Do we value shared ideas of realism most highly? The cold logic of the rules, and our ability to master them? The tale well told? The dramatic moment? What part of this is what we'll be talking about over beers at the local pub some night? Where do we place our value in a roleplaying game?

Oh boy, it's the Tarrasque! Everybody loves the Tarrasque, right?
Let me finish with two anecdotes which may or may not be illustrative of where I am with this. First is from the golden age of gaming, early 1980s. I had a DM back in those days who I mostly loved, a guy who was very well read in fantasy books and had a real gift for turning that into interesting play at the table. He had a mean streak, though. One day the usual suspects weren't available for our usual weekend game, though, and he decided he'd solo me through White Plume Mountain. This is an adventure that would have been plenty hard with a whole party of appropriately-leveled characters, let me tell you, and my poor ranger was outnumbered and outgunned.
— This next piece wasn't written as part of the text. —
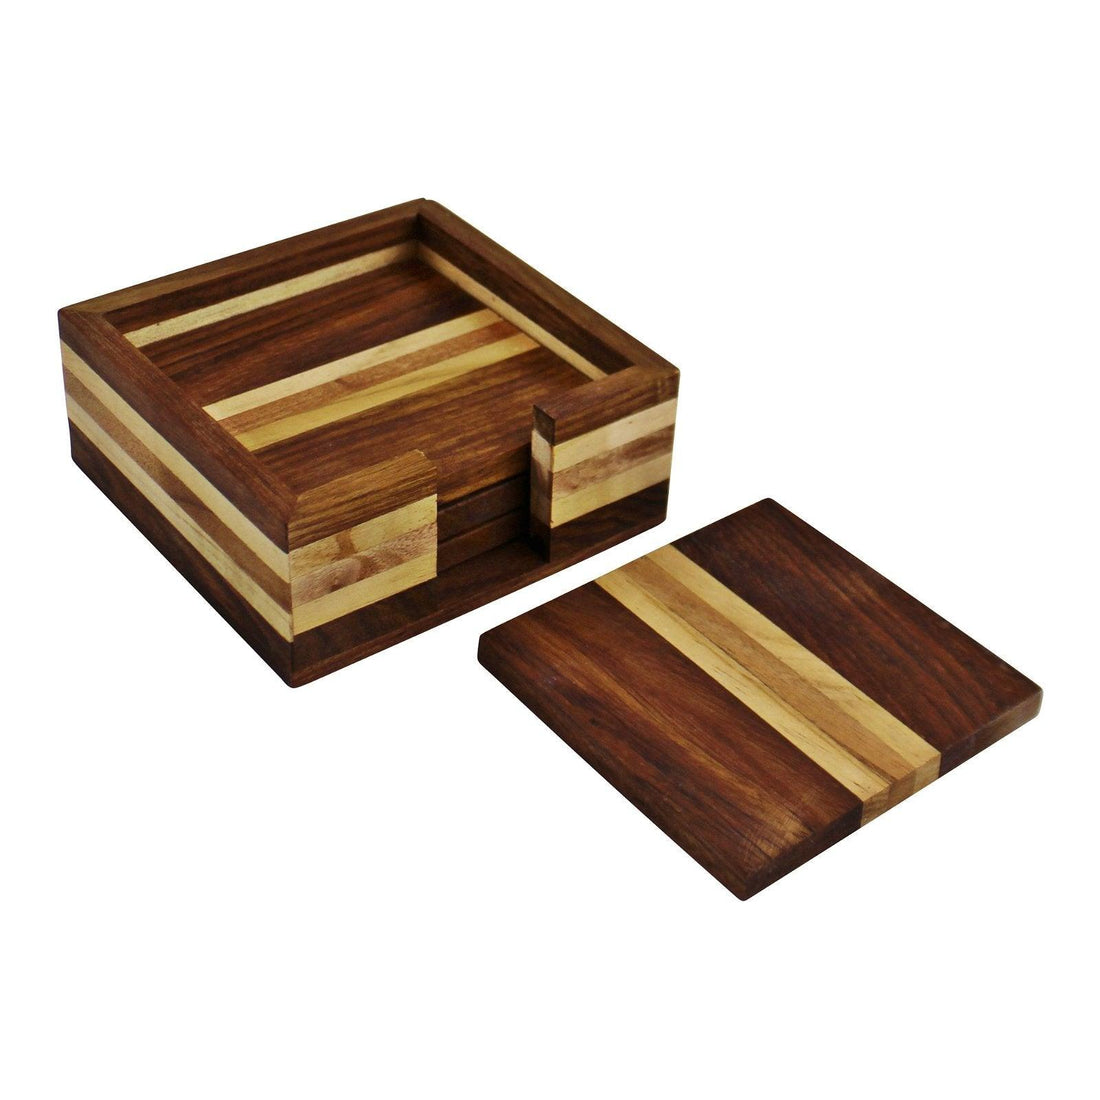 Set of 4 Wooden Coasters With Holder - £20.99 - Coasters & Placemats

Then the DM decided he'd really give me a good stomping, and had the Tarrasque show up to finish me off. (The Tarrasque, in case you've never heard of it, is a virtually unkillable Godzilla-size monster. Not exactly Fun On A Bun.)

That wasn't much fun. Scratch that - it was no fun at all being someone's plaything.

Second anecdote: I had a setpiece moment in my long-running MUTANTS & MASTERMINDS game where the player characters were aboard a space station that was knocked out of its orbit. The characters had to escape from the tumbling station before it burned up, then find a way to get themselves to the ground safely, a neat trick when not all of them were fliers. It happened that one of the characters had a stack of Hero Points and supersonic flight, so he was ferrying people down to the ground. One of the players said that he'd be the last person to be picked up, and when we were trying to decide whether the flier would be able to catch him in time, he said "That's okay." He wanted his character to die heroically, allowing the other characters to continue. To my everlasting regret, I decided that the flier indeed had just enough time to catch him and slow him down, landing them both in the ocean with a hard splash. Whenever I think back on that moment now, I remind myself that I should always listen to my players and give them the adversity -- or the ending -- that they're asking for, not the one that I think is most fair or interprets the rules in the most correct way.

Two bad deaths, for two different reasons. One was arguably out of meanness on the GM's part, the other averted by misplaced kindness. Both sucked.

This is why we have to constantly talk this shit over, and make sure we're all playing the same game with the same assumption.

What you think is fun may not be the same thing that other players think is fun.